● **What the exercise asks**: Beneath this instruction is a block of data; output from it exactly the lines that run from the one containing "En el gráfico" through the one containing "肉屋プロフェッショナル狂信者卓上ミラー ダルトン ROUND", inclusive.

*** Excerpted data Section Begins ***

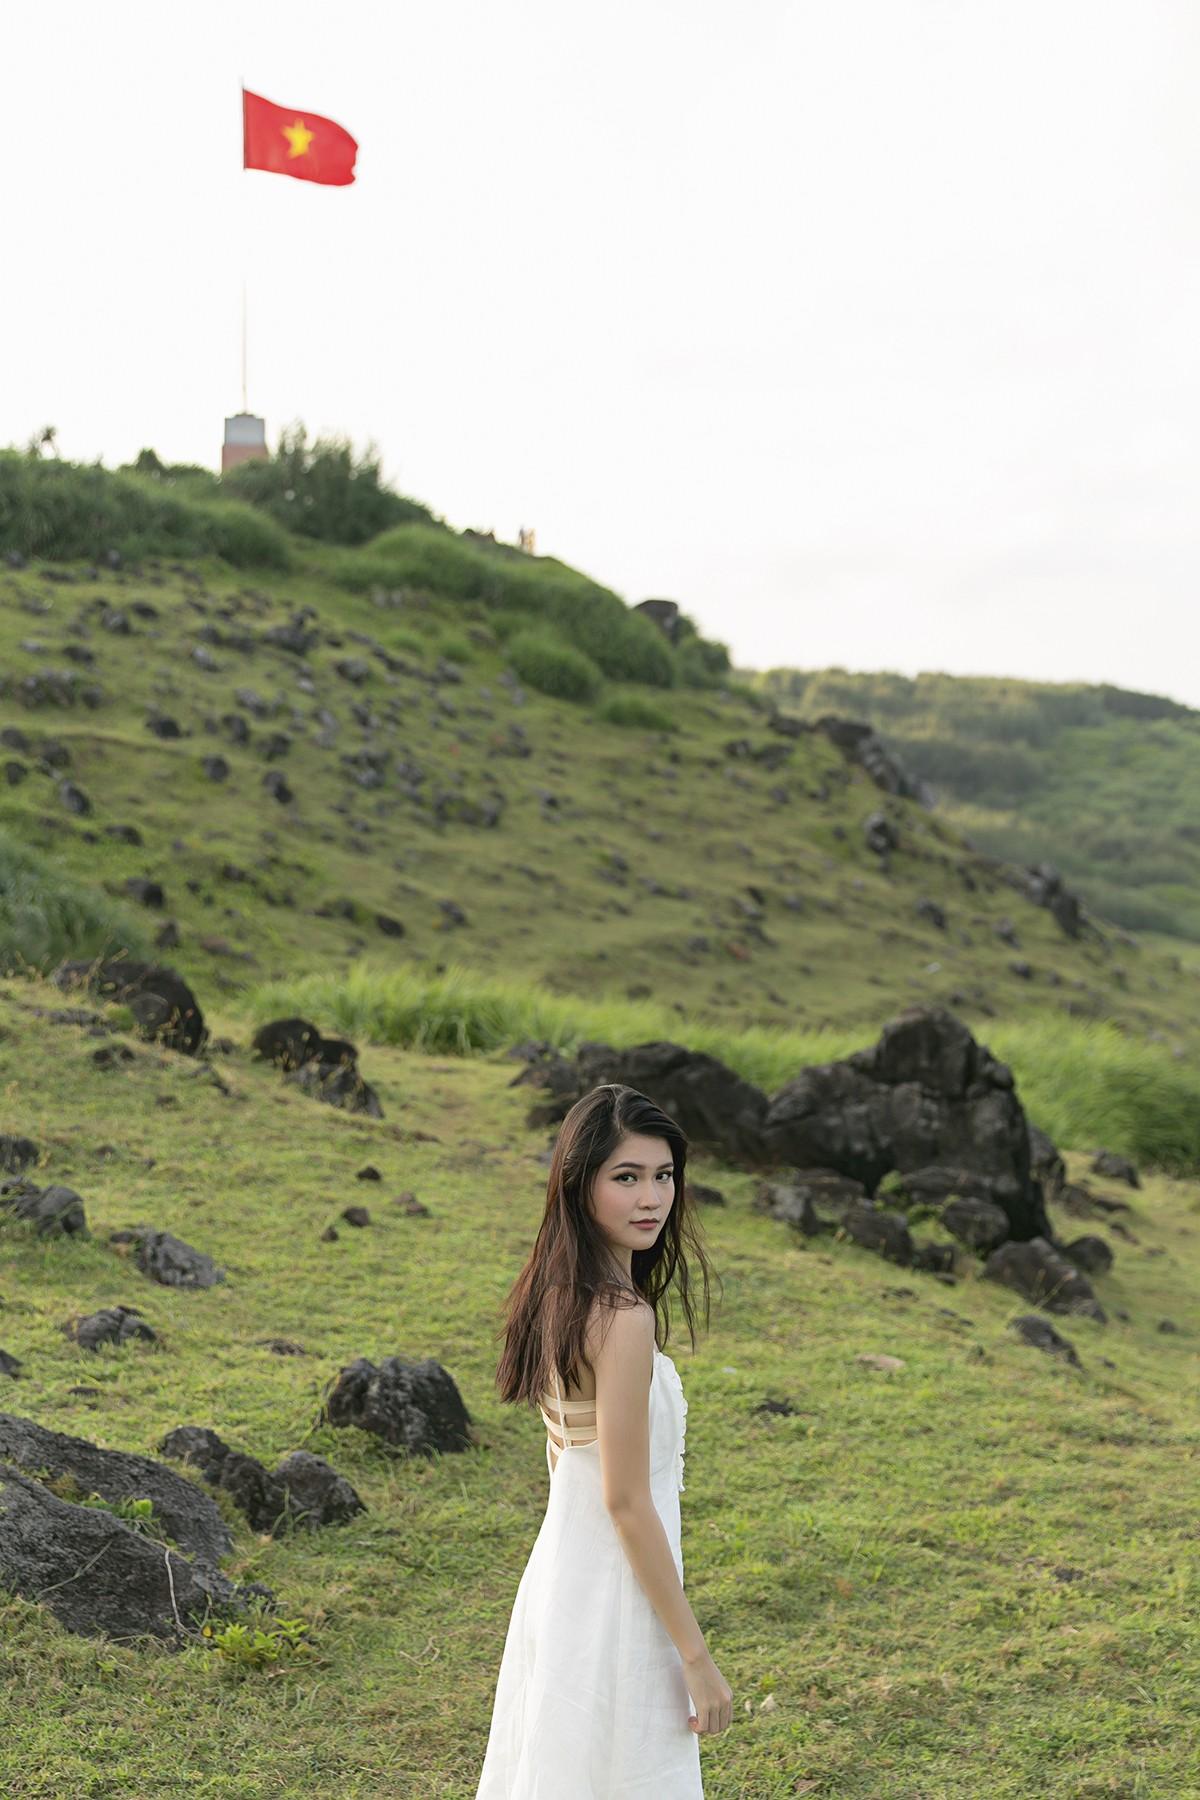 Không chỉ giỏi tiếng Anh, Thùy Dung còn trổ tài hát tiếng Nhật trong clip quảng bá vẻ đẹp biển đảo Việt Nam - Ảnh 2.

*** Excerpted data Section Ends ***
*** Excerpted data Section Begins ***

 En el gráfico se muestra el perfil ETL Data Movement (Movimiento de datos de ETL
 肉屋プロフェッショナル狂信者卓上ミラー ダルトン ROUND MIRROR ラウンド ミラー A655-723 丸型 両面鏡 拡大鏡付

*** Excerpted data Section Ends ***

● **Task result**:
 En el gráfico se muestra el perfil ETL Data Movement (Movimiento de datos de ETL
 肉屋プロフェッショナル狂信者卓上ミラー ダルトン ROUND MIRROR ラウンド ミラー A655-723 丸型 両面鏡 拡大鏡付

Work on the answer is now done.